Au restaurant du Poisson Rouge, au printemps, la mer vient lécher la terrasse en teck. Le repas est servi sur de lourdes et vastes tables carrées en fer et grossière mosaïque. Il fait soleil, il est treize heure. Un léger vent tempère ses assauts.
Les jumelles sont venues vêtues de légères robes fleuries. Juliette étrenne un « pantacourt » fuchsia et un t-shirt jaune. Robert porte une chemise blanche en lin sur un pantalon écru. Il est pieds nus dans des mocassins de cuir tressé. C'est un dimanche de mai au bord de la mer.
- Que tu es beau, Robert, s'écrie Juliette.
- Ma mère m'a dit, « on dirait un prof de fac en week-end, il ne te manque que le pull sur les épaules ». J'ai pris ça comme un compliment, moi qui sors d'un lycée agricole.

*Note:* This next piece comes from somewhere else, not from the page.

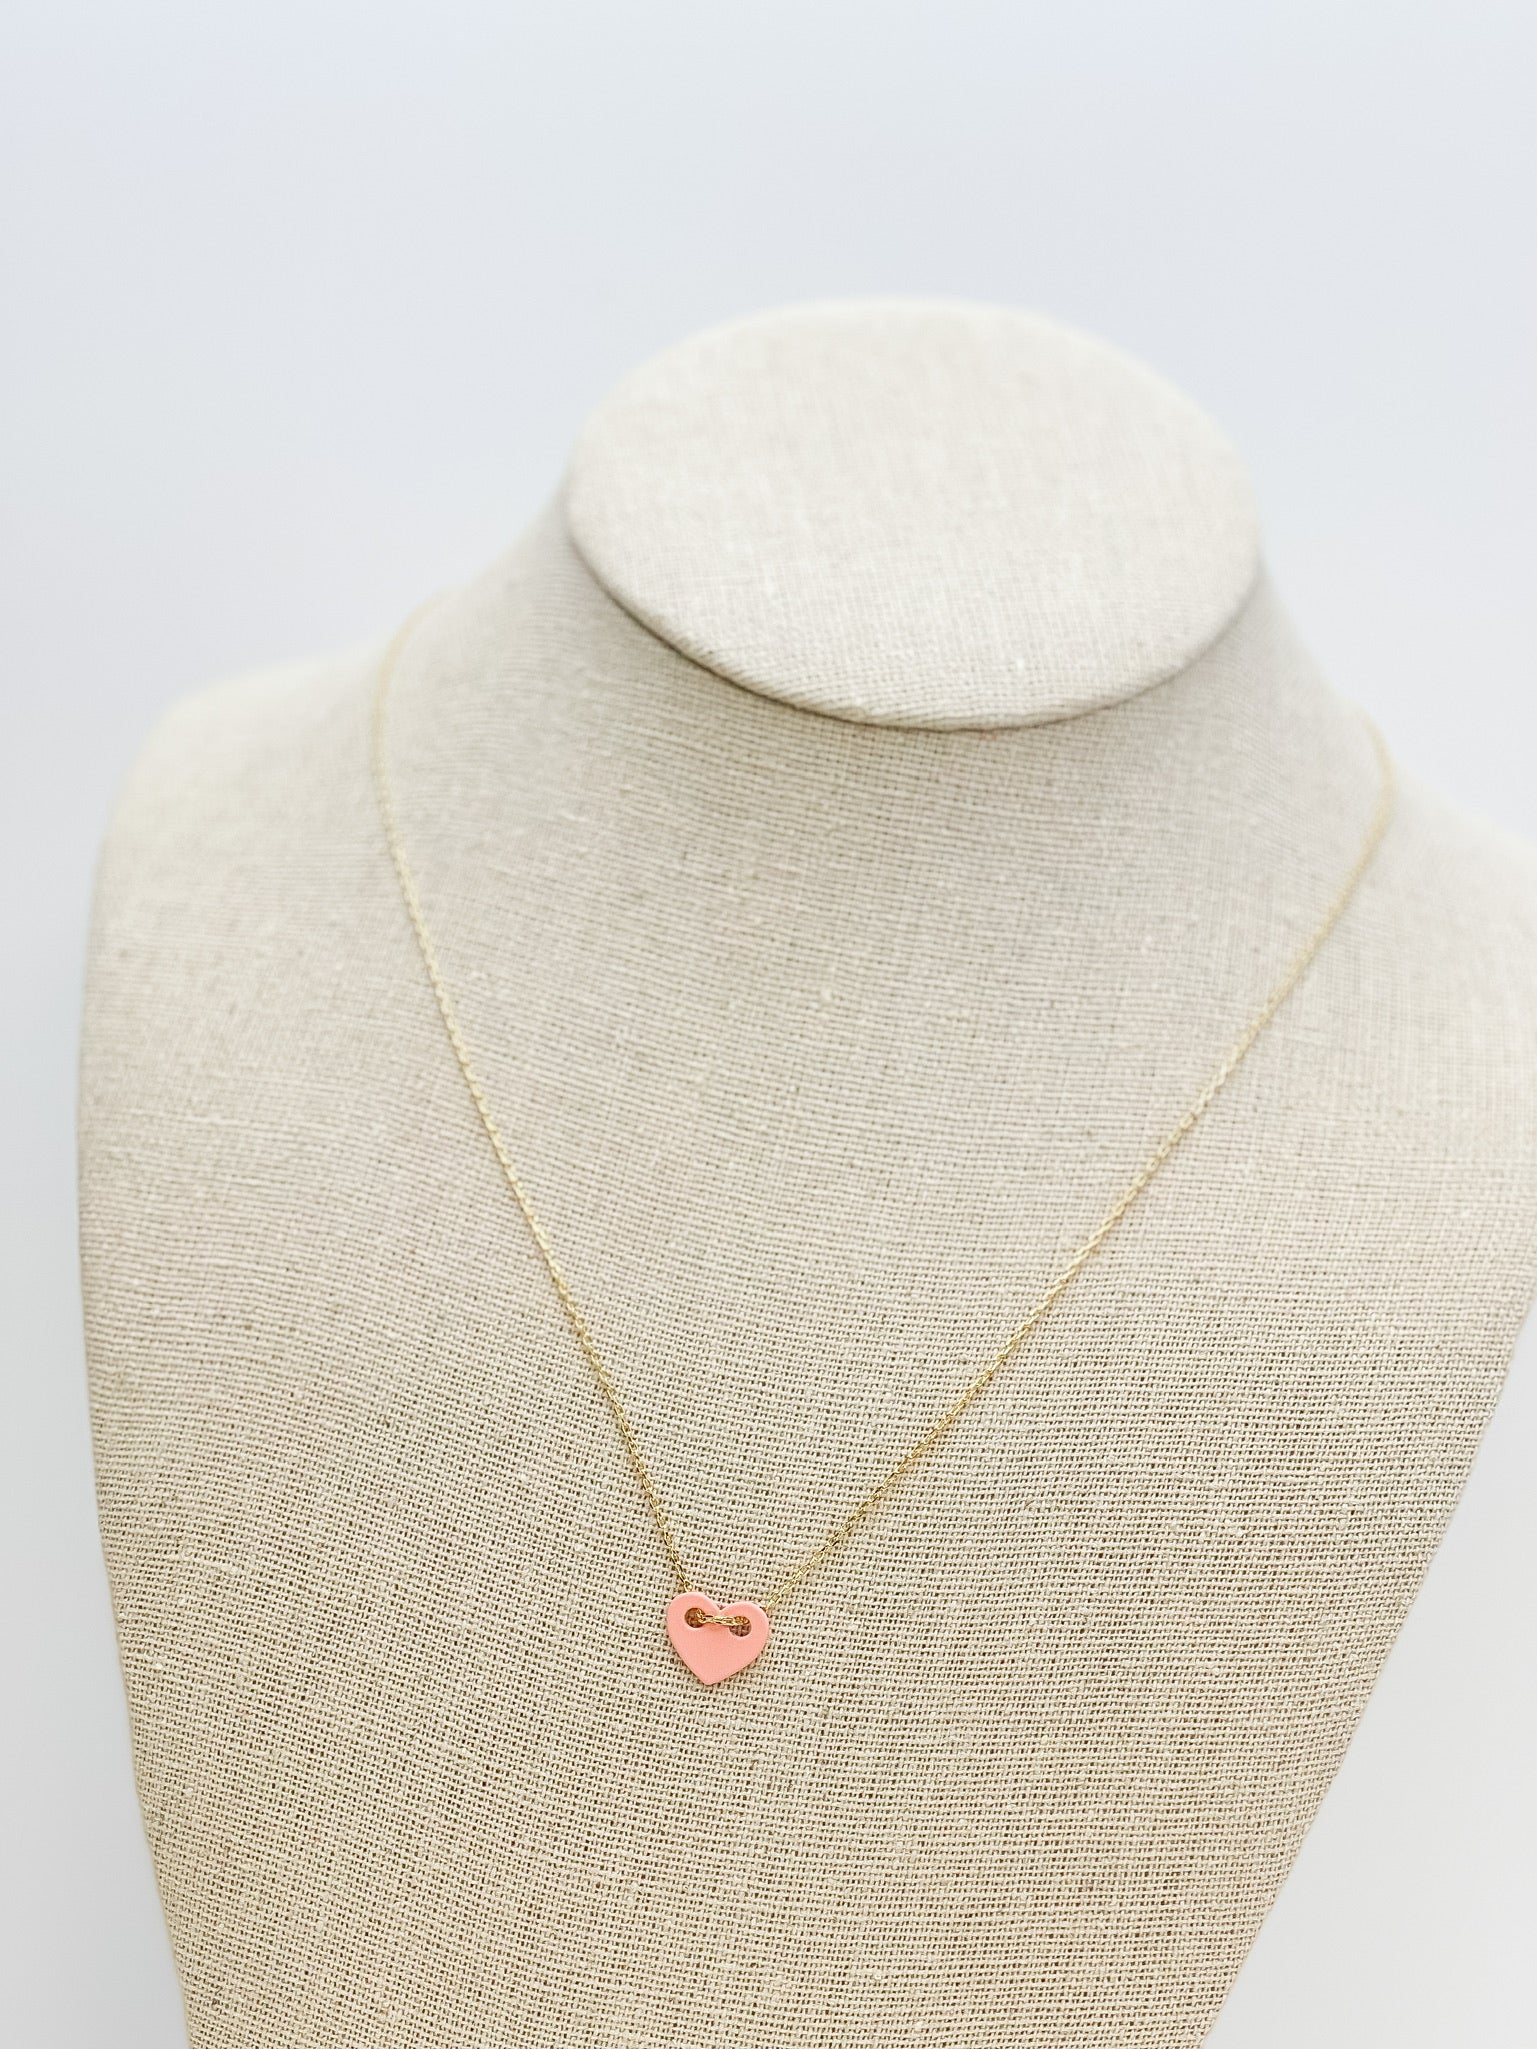 Simple Pink Cutout Heart Necklace

Ils sont là, tous les quatre, partageant silencieusement le plaisir, le bonheur d'être ensemble. Chacun le mesure, l'apprécie, pour lui-même, à sa façon, à la hauteur de ce qu'il en attend.
Juliette regarde sa mère, les yeux perdus vers le large. Elle regarde sa tante et Robert partis dans une conversation, obscure pour elle, sur les poissons de roche indispensables dans la bouillabaisse.
Suzy est heureuse, simplement. Parce que la mer, le soleil, le printemps. Parce que sa sœur qui se maquille, Juliette qui court et rit. Parce que Robert, solide comme un roc avec le cœur en sucre, qui regarde Elise pour lui donner, pas pour lui prendre.
Robert savoure ce moment qu'il a organisé. Un pas de plus l'un vers l'autre. Il lui revient l'histoire du petit prince et du renard. L'apprivoiser.
Elise laisse le vent rabattre ses cheveux sur son visage. Elle écoute la voix de Robert, le rire de Suzy. Elle l'écoute, lui, qui parle sans détours, sans artifice. Il l'apaise. Elle se laisse aller. Son passé ne lui reproche rien.
- Moi, j'ai faim. Robert, tu m'as dit que j'aurai une sole, chantonne Juliette.
- Oh ! Juliette !
- Laissez la, elle à raison. Moi aussi, j'ai faim.
On se regarde. On se parle avec les yeux. On se dit qu'on est heureux.
A la fin du repas, la promenade sur la plage vient naturellement. Suzy entraine sa nièce dans une cueillette bruyante de petits coquillages et bouts de verre polis. Elles laissent derrière elles Elise et Robert se construire une intimité.
- Robert… Elise passe sa main à son bras. Elle marche appuyée contre lui, le regard bas. Elle cherche, une dernière fois, les mots qu'elle a décidés de dire.
Je suis bien avec vous, je crois avoir compris que c'est un peu pareil pour vous, non ? Simplement, j'ai besoin de temps. Vous comprenez ? Je ne sors pas d'une rupture qui me demanderait de reconstruire. Je sors, enfin… je commence à sortir, à émerger, d'une catastrophe. J'ai survécu. Il a, d'abord, fallu que je me persuade que ce n'était pas injuste. Que la justice n'a rien à voir dans tout ça. C'est difficile. Aujourd'hui je suis plus sereine. Je peux vous regarder et répondre à vos sourires sans m'en vouloir. Je peux accepter le regard des gens du village sans redouter leurs arrières pensées.
J'ai envie de me rapprocher de vous.
J'ai envie de te dire « tu ».
- Vous … tu viens de dire plus que j'en espérais. Toutes tes envies sont les miennes et nous ferons le chemin à ton rythme. Aujourd'hui, tu m'as pris le bras, je sens ton épaule contre moi et même un peu ta hanche.
- Je suis au paradis, et tu me tutoies.